Amazon Marketplace Web Service incident

Amazon Elastic Compute Cloud (EC2) — us-east-1: Service impact: Increased Error Rate and Latency

Amazon Marketplace Web Service is currently experiencing a major incident affecting Amazon Elastic Compute Cloud (EC2) — us-east-1, which began 1d ago. The vendor's full update timeline is below.

Started
May 08, 2026, 12:25 AM UTC
Resolved
Ongoing
Duration
● 1d 2h
Detected by Pingoru
May 08, 2026, 12:25 AM UTC

Affected components

Amazon Elastic Compute Cloud (EC2) — us-east-1

Update timeline

  1. monitoring May 08, 2026, 12:25 AM UTC

    We are investigating instance impairments in a single Availability Zone (use1-az4) in the US-EAST-1 Region. Other Availability Zones are not affected by the event and we are working to resolve the issue.

  2. monitoring May 08, 2026, 12:53 AM UTC

    We continue to investigate instance impairments to a single Availability Zone (use1-az4) in the US-EAST-1 Region. We have experienced an increase in temperatures within a single data center, which in some cases has caused impairments for instances in the Availability Zone. EC2 instances and EBS volumes that were hosted on hardware that has been affected by the loss of power during the thermal event. Other AWS services that depend on the affected EC2 instances and EBS volumes in this Availability Zone, may also experience impairments. We will continue to provide updates as recovery continues.

  3. monitoring May 08, 2026, 01:47 AM UTC

    We continue to work towards mitigating the increased temperatures to its normal levels in the affected Availability Zone (use1-az4) in the US-EAST-1 Region. Other AWS services that depend on the affected EC2 instances and EBS volumes in this Availability Zone, may also experience impairments. We have weighed away traffic for most services at this time. We recommend customers utilize one of the other Availability Zones in the US-EAST-1 Region at this time, as existing instances in other AZ's remain unaffected by this issue. Customers may experience longer than usual provisioning times. We will provide an update by 7:45 PM PDT, or sooner if we have additional information to share.

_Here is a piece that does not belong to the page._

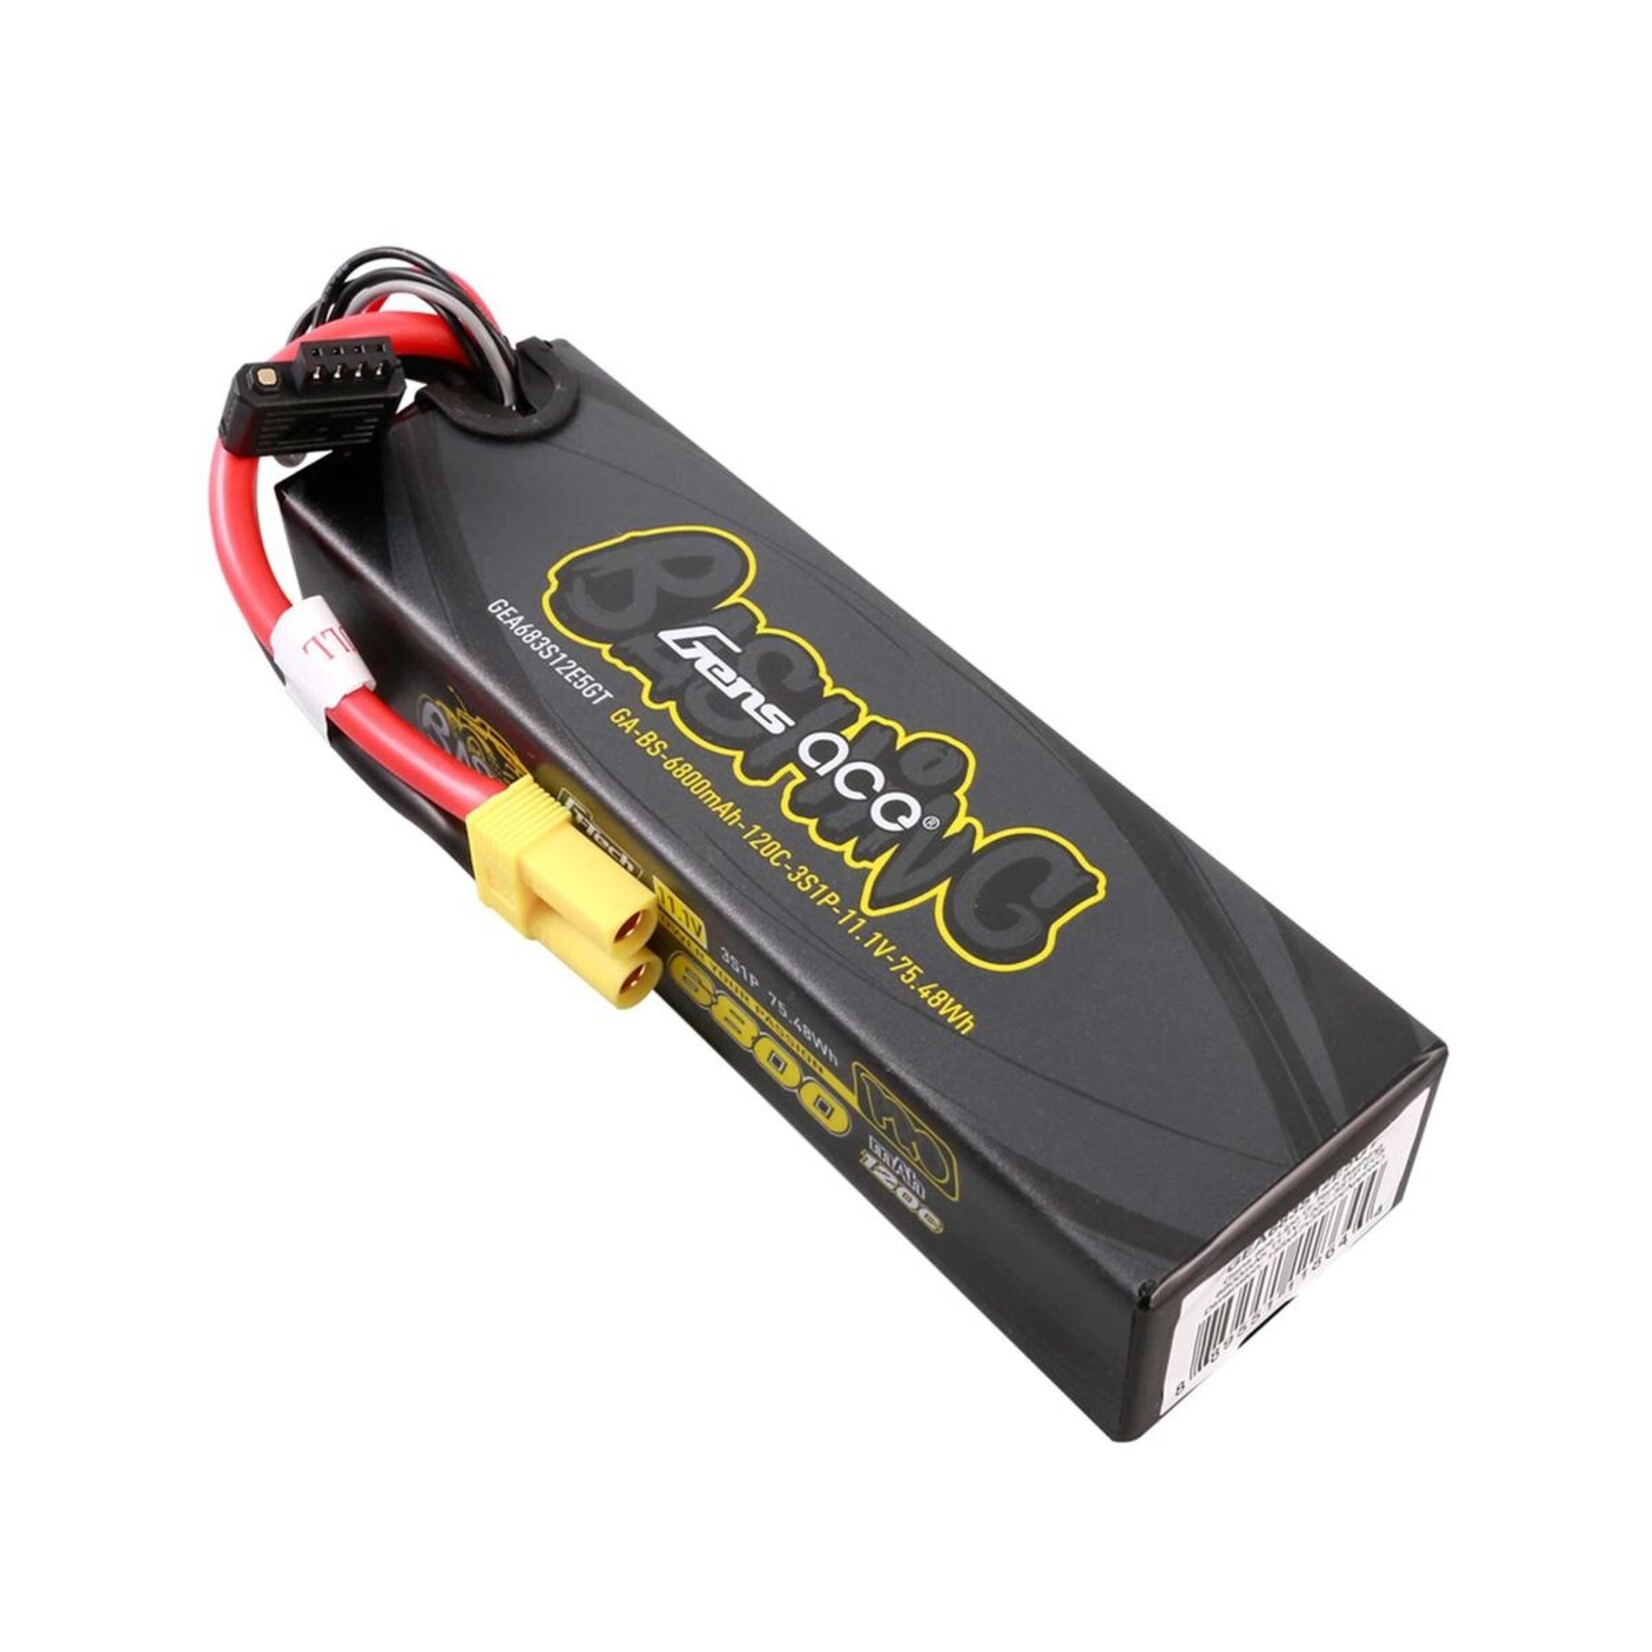 Gens Ace Gens Ace G-Tech Smart 3S Bashing Series Hardcase LiPo Battery 120C (11.1V/6800mAh) w/EC5 Connector #GEA683S12E5GT

  4. monitoring May 08, 2026, 03:06 AM UTC

    We are actively working to restore temperatures to normal levels in the affected Availability Zone (use1-az4) in the US-EAST-1 Region, though progress is slower than originally anticipated. Since our last update we have made incremental progress to restore cooling systems within the affected AZ, which will not be visible to external customers but are required for the restoration of affected services. In the impacted Availability Zone, EC2 Instances, EBS Volumes, and other AWS Services are also experiencing elevated error rates and latencies for some workflows. As part of our recovery effort, we have shifted traffic away from the impacted Availability Zone for most services. We recommend customers utilize one of the other Availability Zones in the US-EAST-1 Region, as existing instances in other AZs remain unaffected by this issue. If immediate recovery is required, we recommend customers restore from EBS Snapshots and/or replace affected resources by launching new replacement resources in one of the unaffected zones. We will provide an update by 10:00 PM PDT, or sooner if we have additional information to share.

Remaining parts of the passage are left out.